(Work instructions)
Produce a word-for-word copy of the data that follows, excluding images.

--- Recorded information Enclosed Below ---

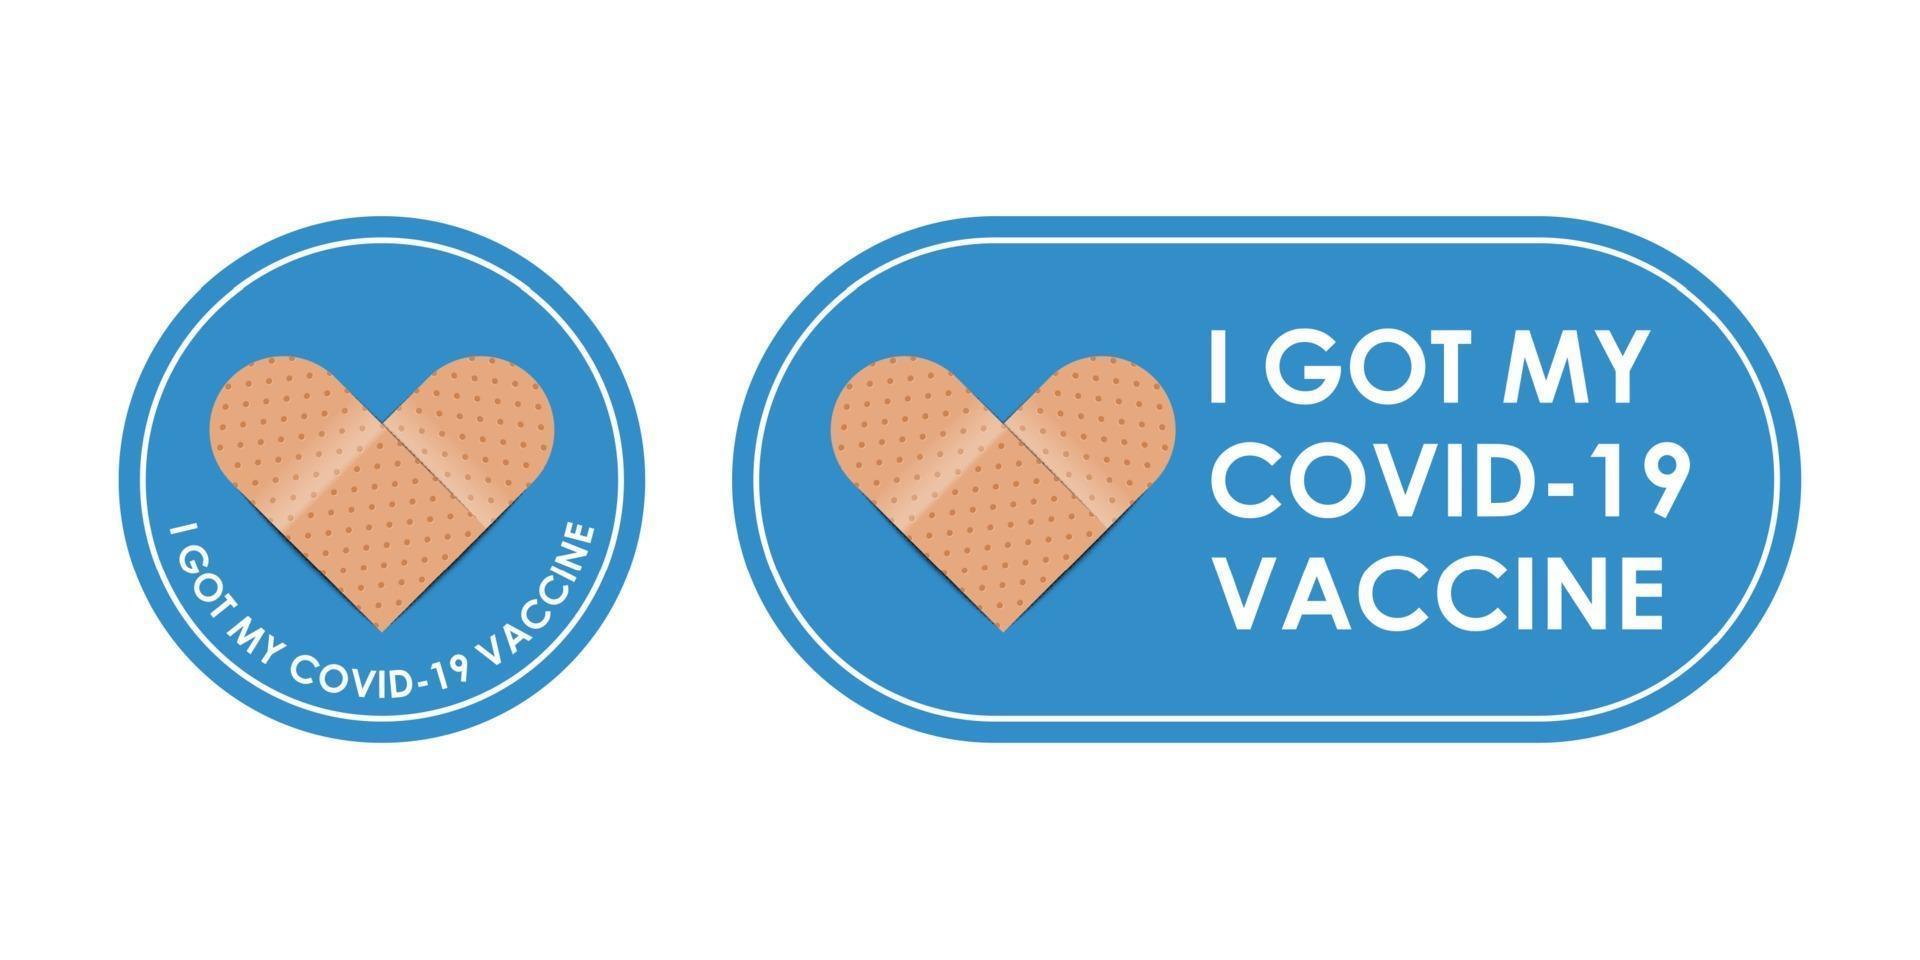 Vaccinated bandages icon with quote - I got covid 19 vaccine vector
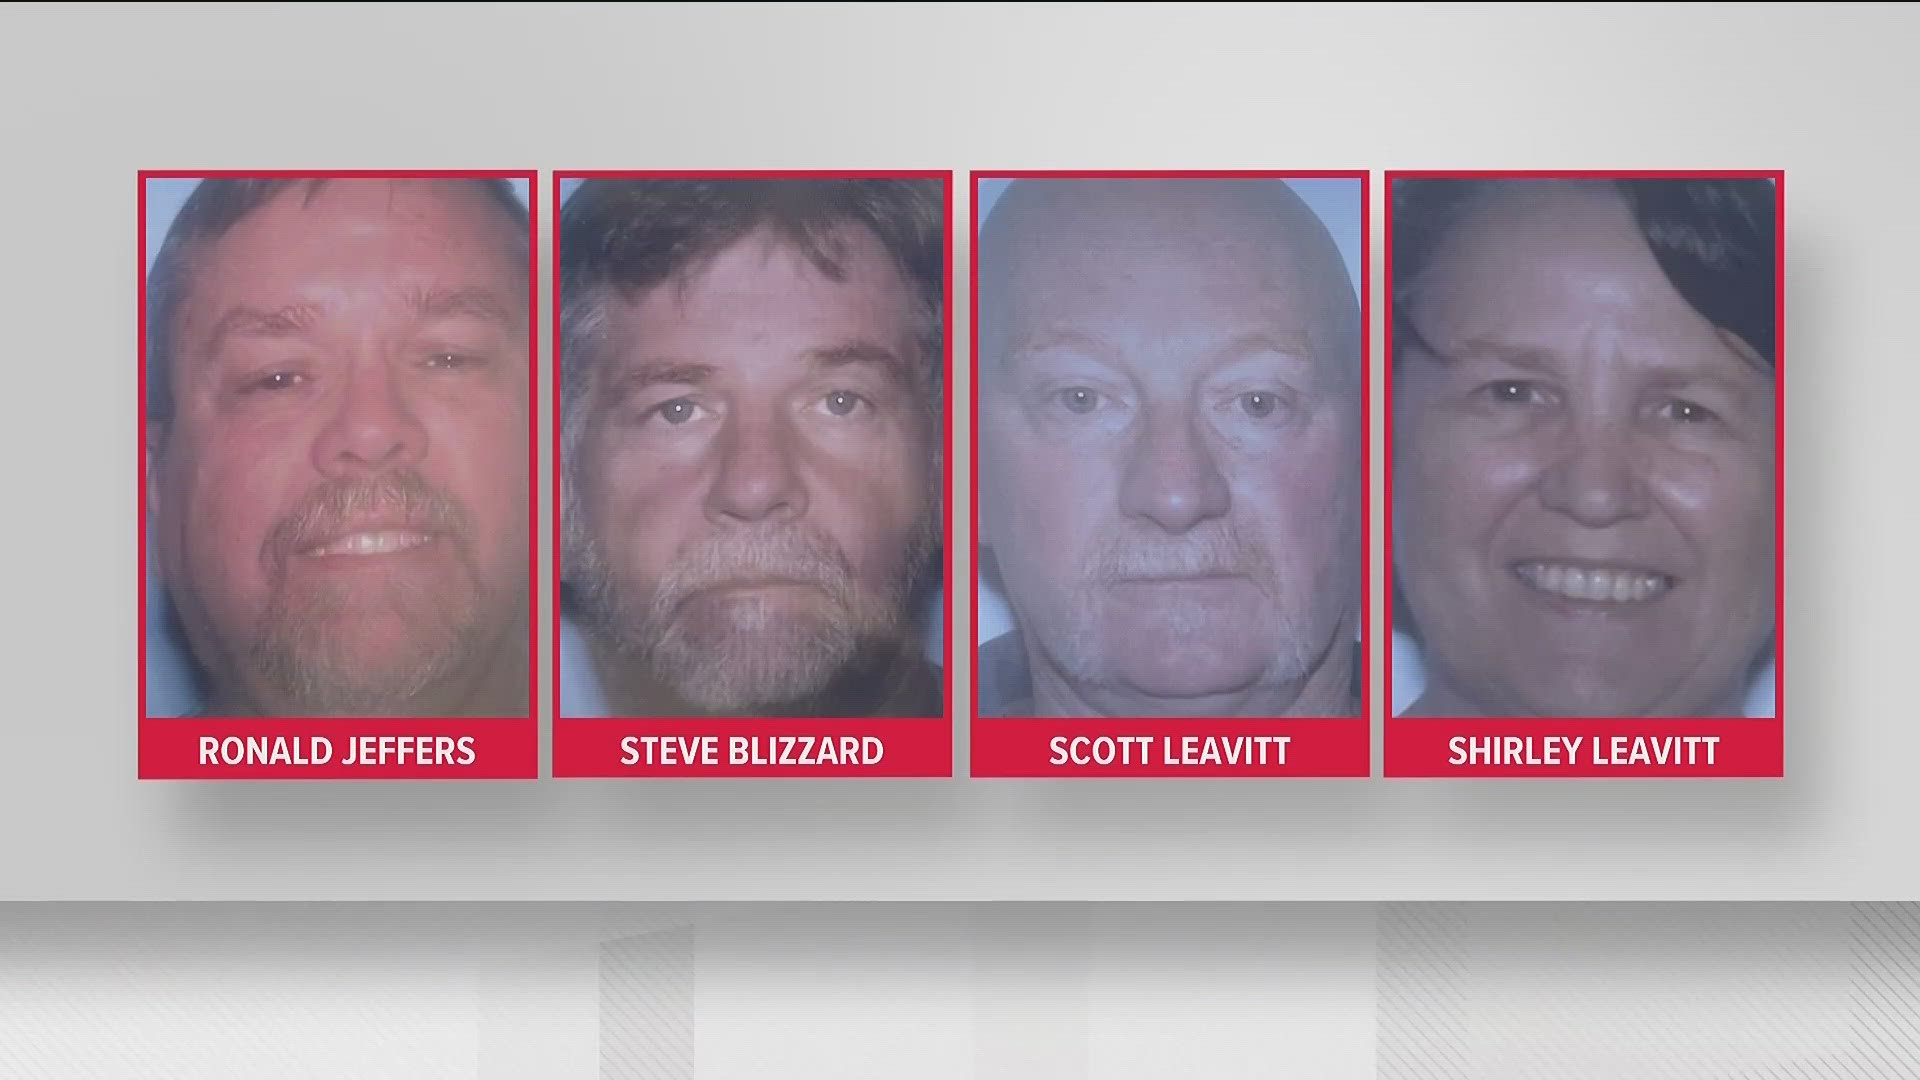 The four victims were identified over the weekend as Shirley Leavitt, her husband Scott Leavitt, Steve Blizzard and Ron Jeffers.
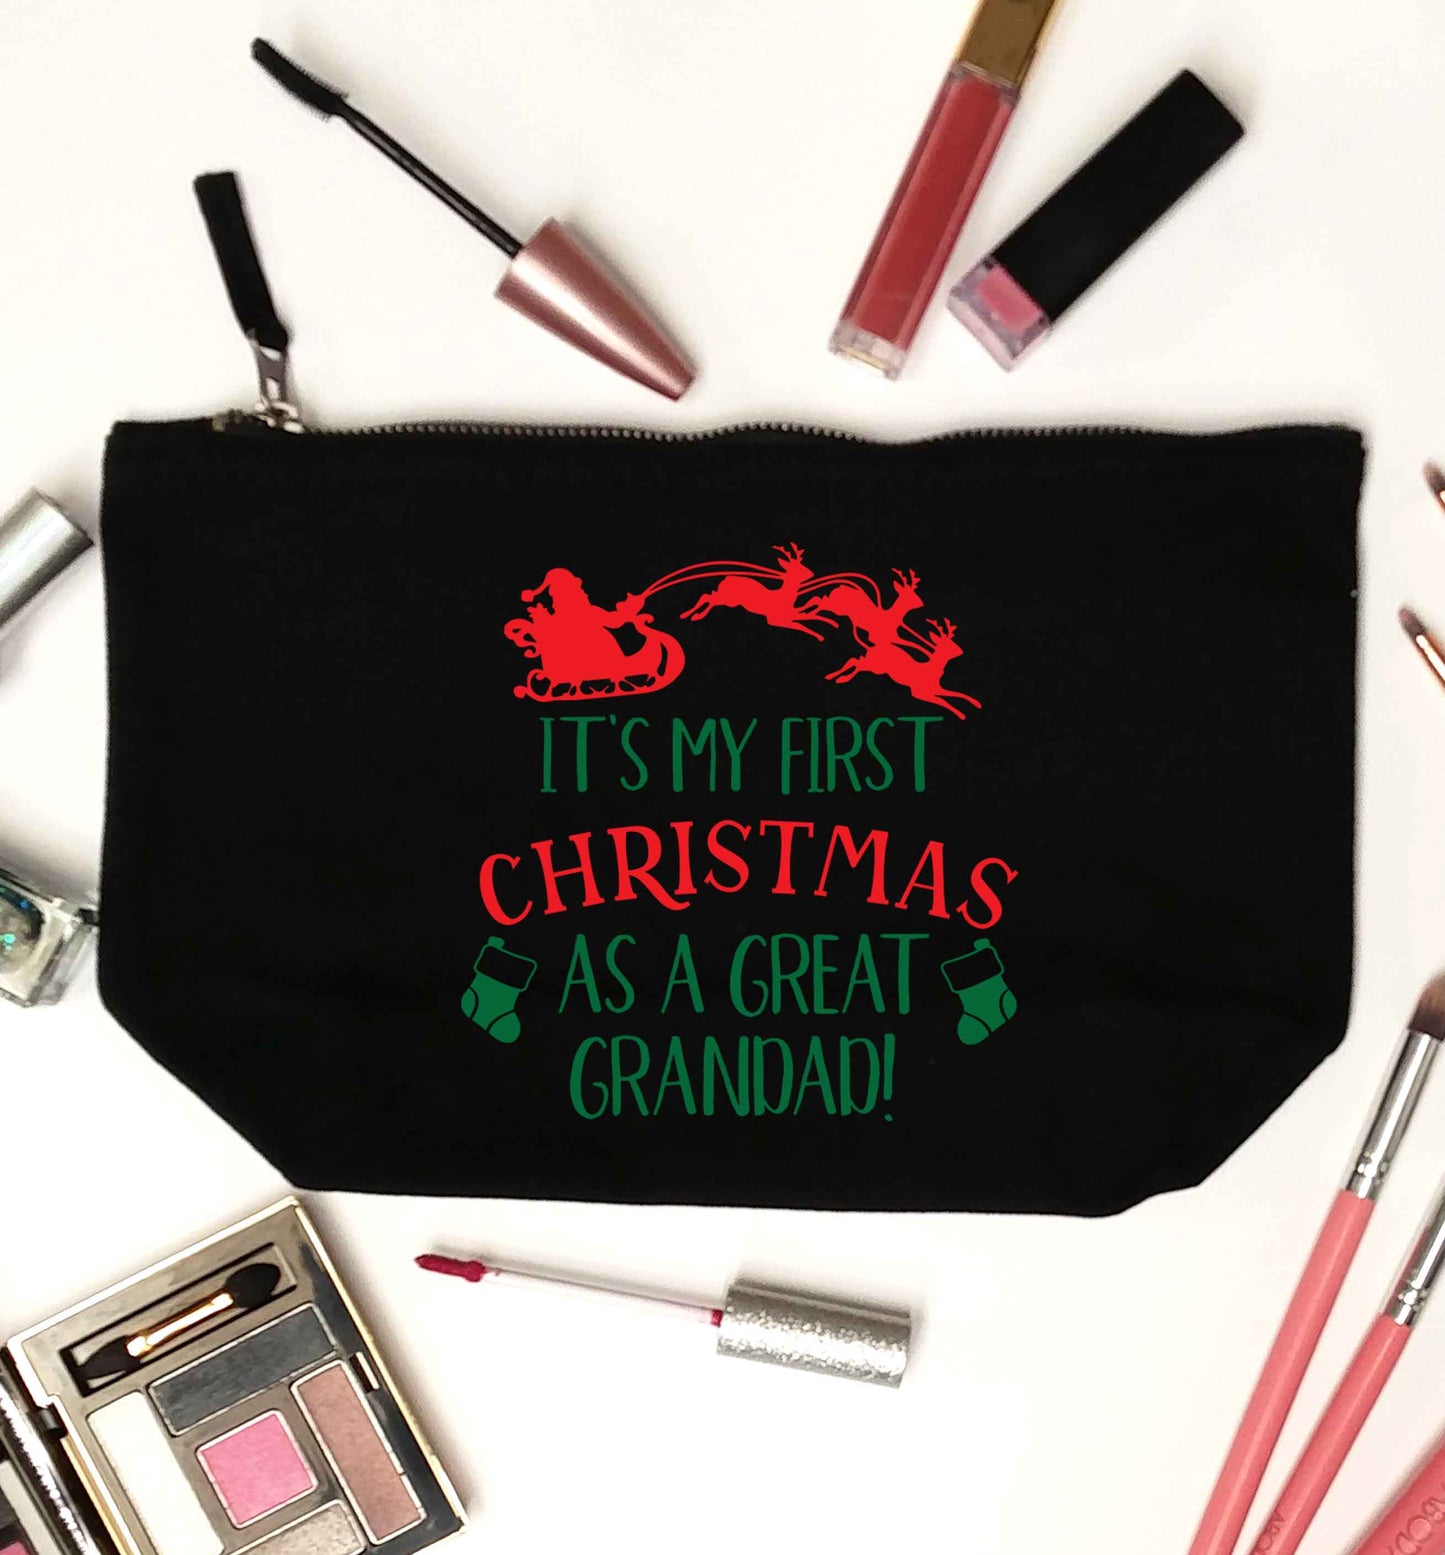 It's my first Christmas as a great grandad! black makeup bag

--- End of Enclosed Recorded information ---

(Completed exercise)
 Vaccinated bandages icon with quote - I got covid 19 vaccine vector
 The four victims were identified over the weekend as Shirley Leavitt, her husband Scott Leavitt, Steve Blizzard and Ron Jeffers.
 It's my first Christmas as a great grandad! black makeup bag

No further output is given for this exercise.